Image source, Getty Images
Image caption,

The young Rolling Stones in 1964

Asgari recalls R&B initially as entirely a student scene.

"To start with there were two big names who really drew the college crowd. Cyril Davies was a fantastic blues harmonica player who died early - I think probably people don't remember him much now.

"But Cyril played with Alexis Korner who was a genius with the guitar and later he used to do lots of broadcasting for the BBC.

"Students in those days were such lovely people - very well-behaved and not the way people became later. They didn't have much money and they just drank cider. Saturday night it was five shillings to get in - that's 25p.

"There was no problem with drugs until maybe 1964 when a few people began taking pills which I think they'd got from nurses. But I told them to leave. Eventually we got a violent crowd in but that was much later. In the good years we had celebrities turning up like Sonny and Cher.

"Cyril and Alexis attracted younger musicians just to listen. The excitement in people's faces - I have never seen anything like it. When I first met the Rolling Stones they had come to the club to have a drink, to hear Alexis play and socialise. It was only later they started to perform."

Image source, Fery Asgari/Ealing Club CIC
Image caption,

Paul Jones, later of Manfred Mann, also performed at the club

Suburban Steps to Rockland is a reminder of the big names who developed at the Ealing Club after the Davies-Korner era.

Sitting in his office (still in Ealing) Asgari gives a wry smile.

"But that was the problem: when groups got big they weren't going to play a small venue like ours.

"When the Stones first played for us, Brian Jones would come into my office afterwards and we'd sort out the 50-50 split of the door money - it was Brian who was in charge of all their bookings. The first Saturday they played we took £7. By the time they played their last Ealing gig it was £33.

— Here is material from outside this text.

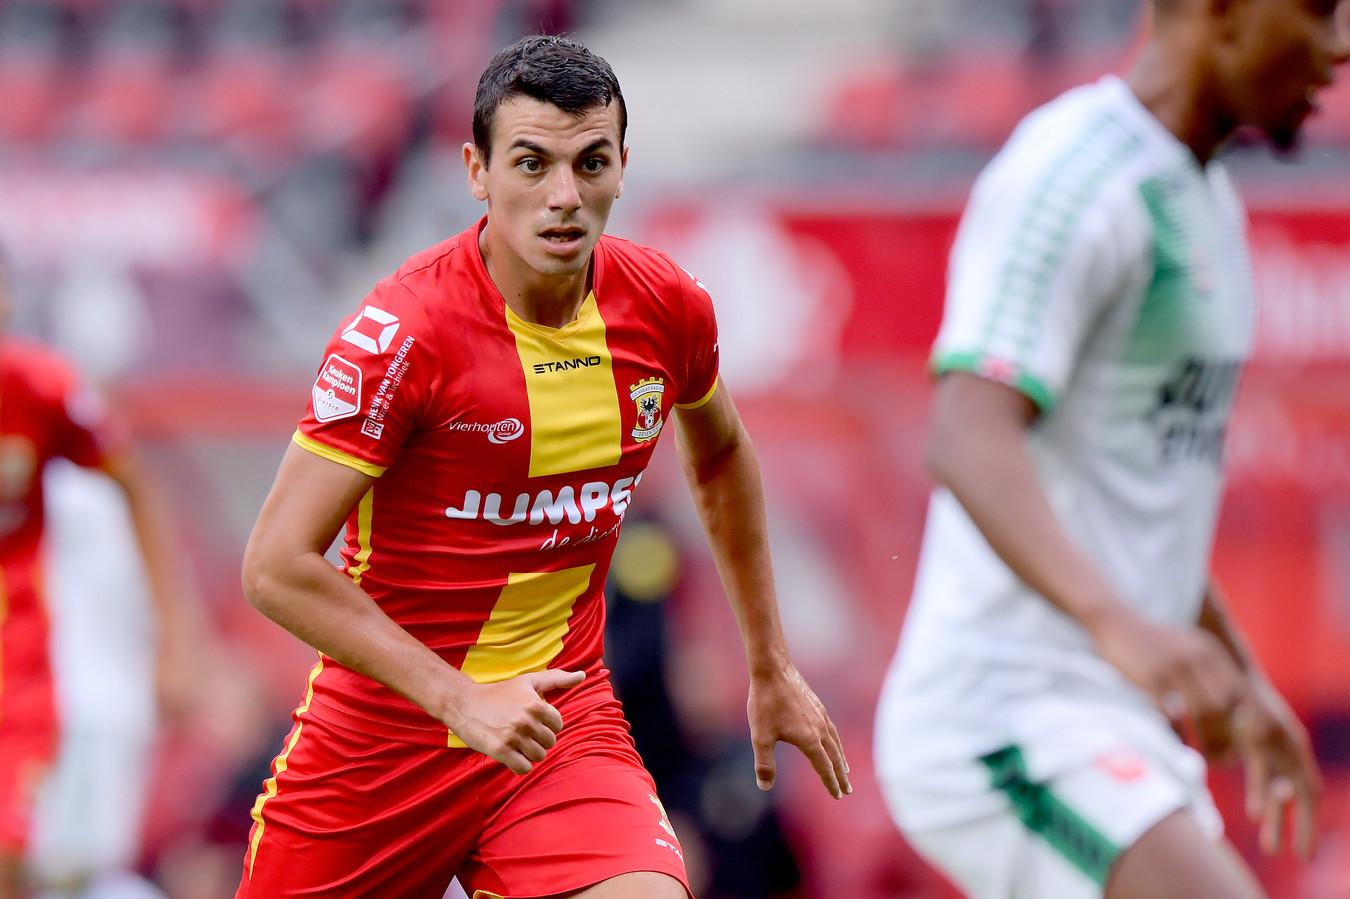 Antoine Rabillard van Go Ahead Eagles
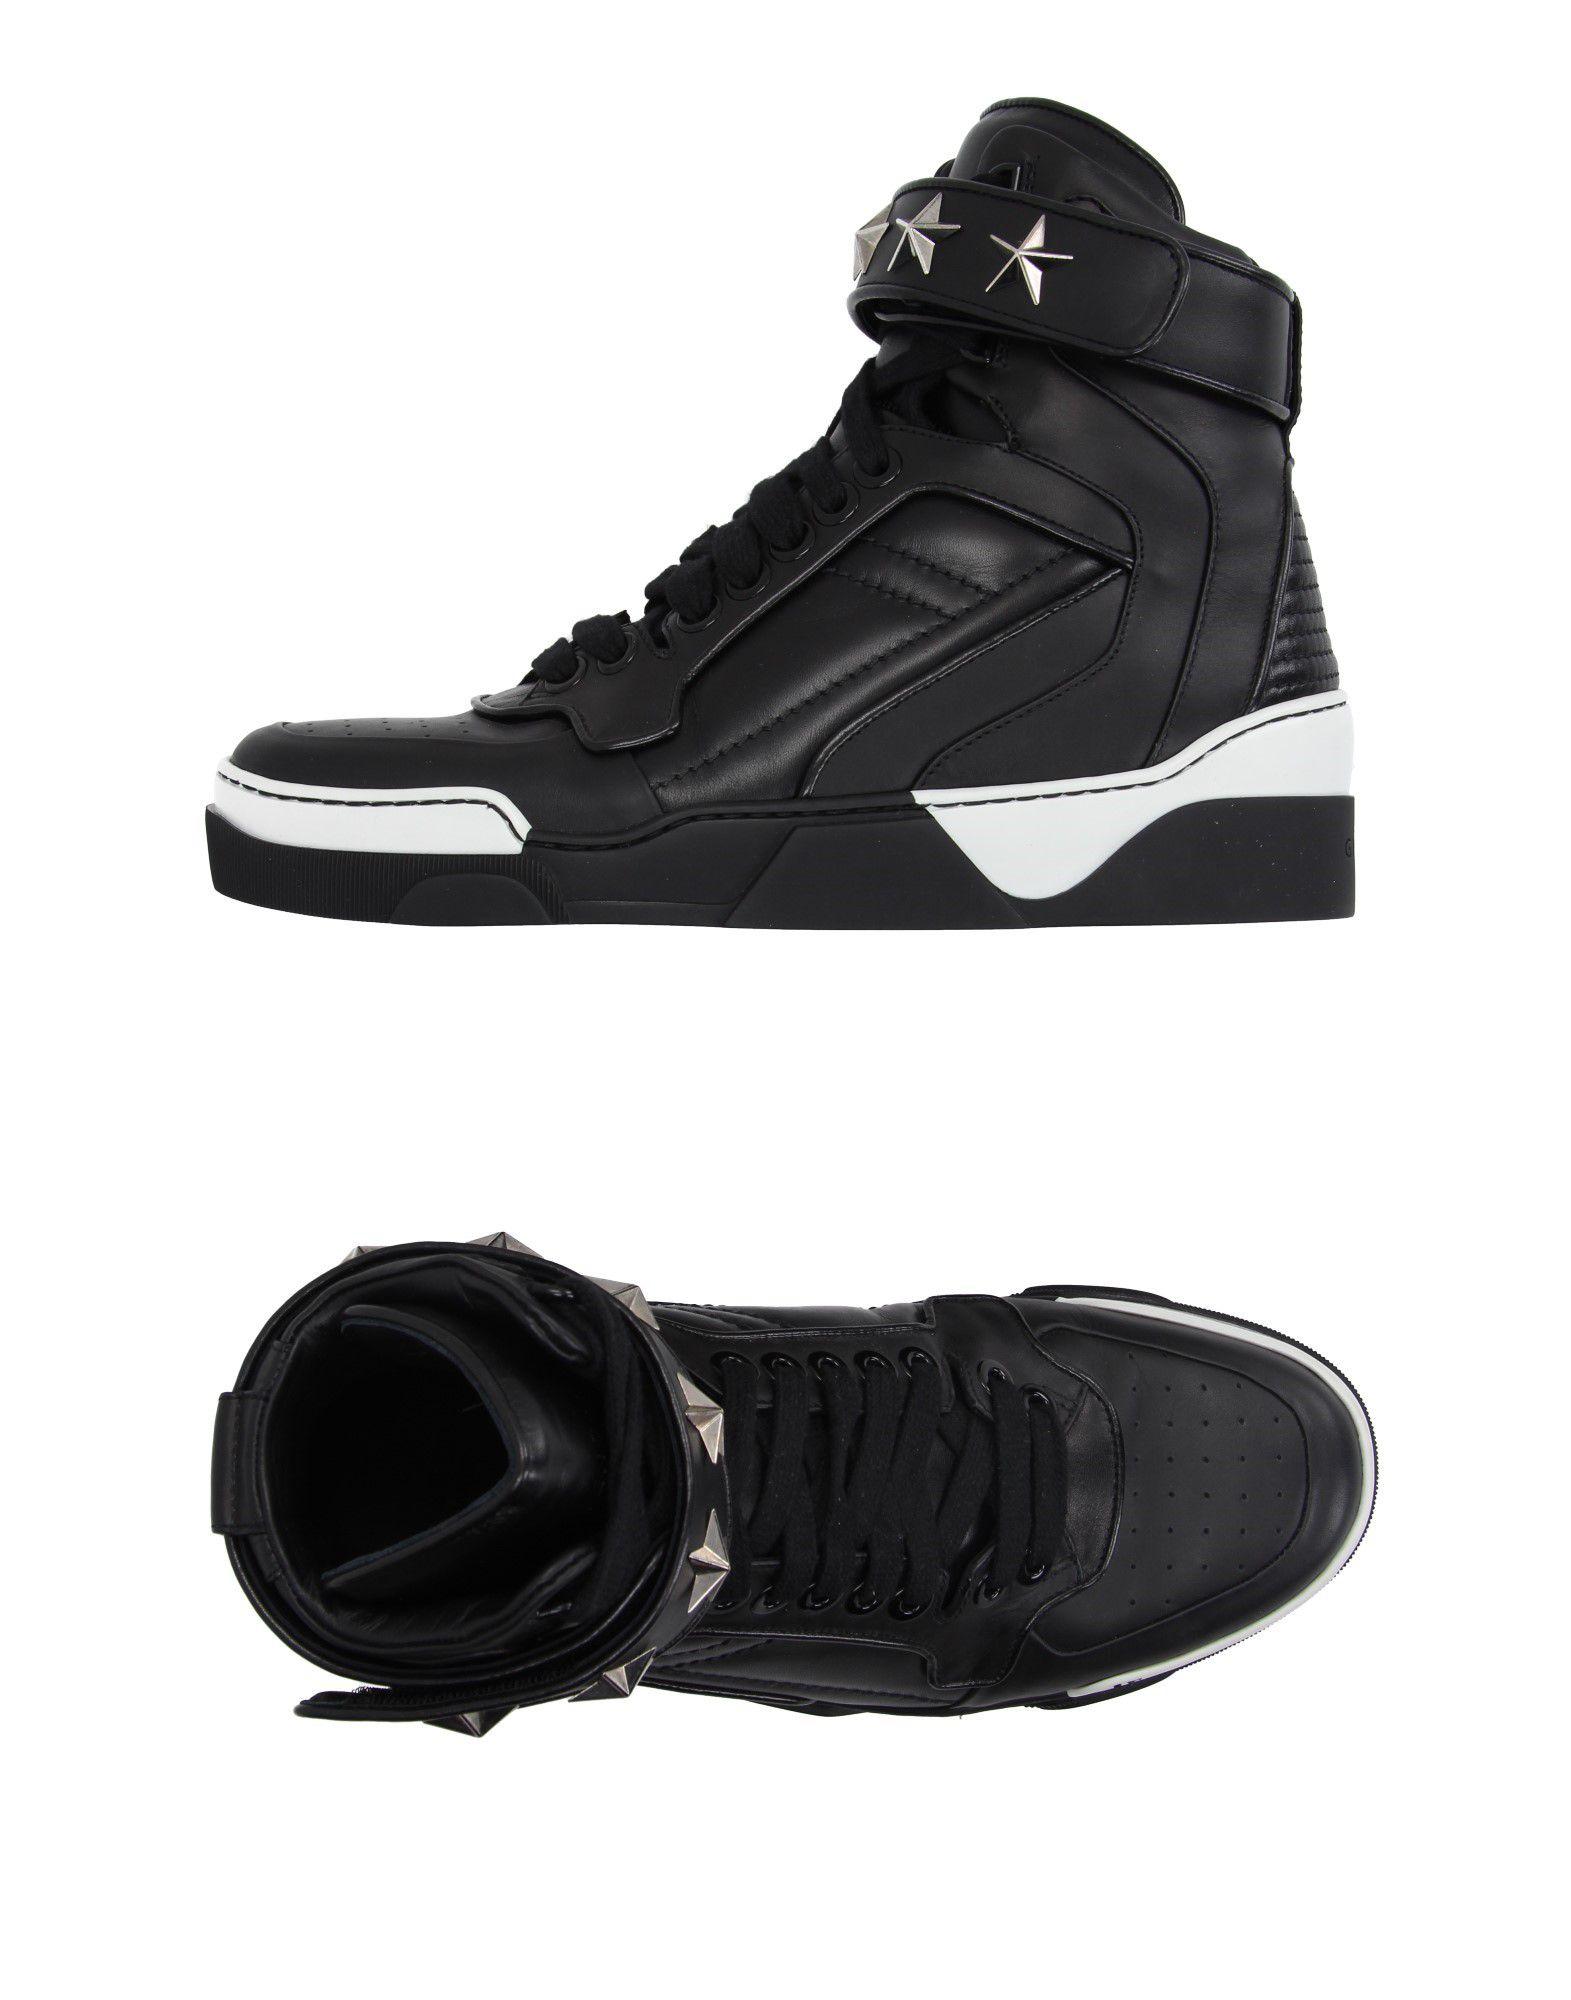 Givenchy Sneakers Herren  11019403FI Gute Qualität beliebte Schuhe

"When groups were getting started, they would beg to play. The club saw lots of groups who became famous like The Who and the Dave Clark Five. Not everyone became a star but quite a few people did.

"I could see the Rolling Stones taking off week by week. And they were a pretty good group: certainly we had much worse. After them came the Mann-Hugg Blues Brothers - which became Manfred Mann.

"The lead singer was Paul Jones and I think Paul and Manfred were two of the really talented people I knew in those days. But the same thing happened: we couldn't pay the money the performers wanted. So they would go somewhere like the Eel Pie Hotel on the Thames, which could take far more people."

Image source, 62 Films
Image caption,

The documentary includes animated sequences

Asgari finally closed the club in 1971 and the site has had a chequered history since. It's now the Red Room and has an uncertain future. For the past 14 years it's been run by Dubliner Cathal Curtis.

"In the last five years we've tried to put on more live performances: usually we're live three nights a week. But in truth the live music does not make much money - we're no longer in the glory days of the 1960s when a small venue could be full night after night.

"It's obvious that in London small and medium-sized music venues are struggling. Every year it gets more difficult to get people through the door.

"The interesting thing is that the number of amateur or semi-pro acts who want to play would almost compare with the bands around in the 1960s. And I see groups coming in here with musicians in their 20s who could definitely make it to the next level.

"That's how acts like The Who and The Animals got started. But in London now there are probably half a dozen small venues like the Red Room left. We're proud of our history going all the way back to what Fery Asgari did and even before that. But if we go, where will the kids of 19 or 20 perform and learn their trade the way Mick Jagger and Brian Jones did 50 years ago?"

Suburban Steps to Rockland is due for cinema release in the UK in 2018.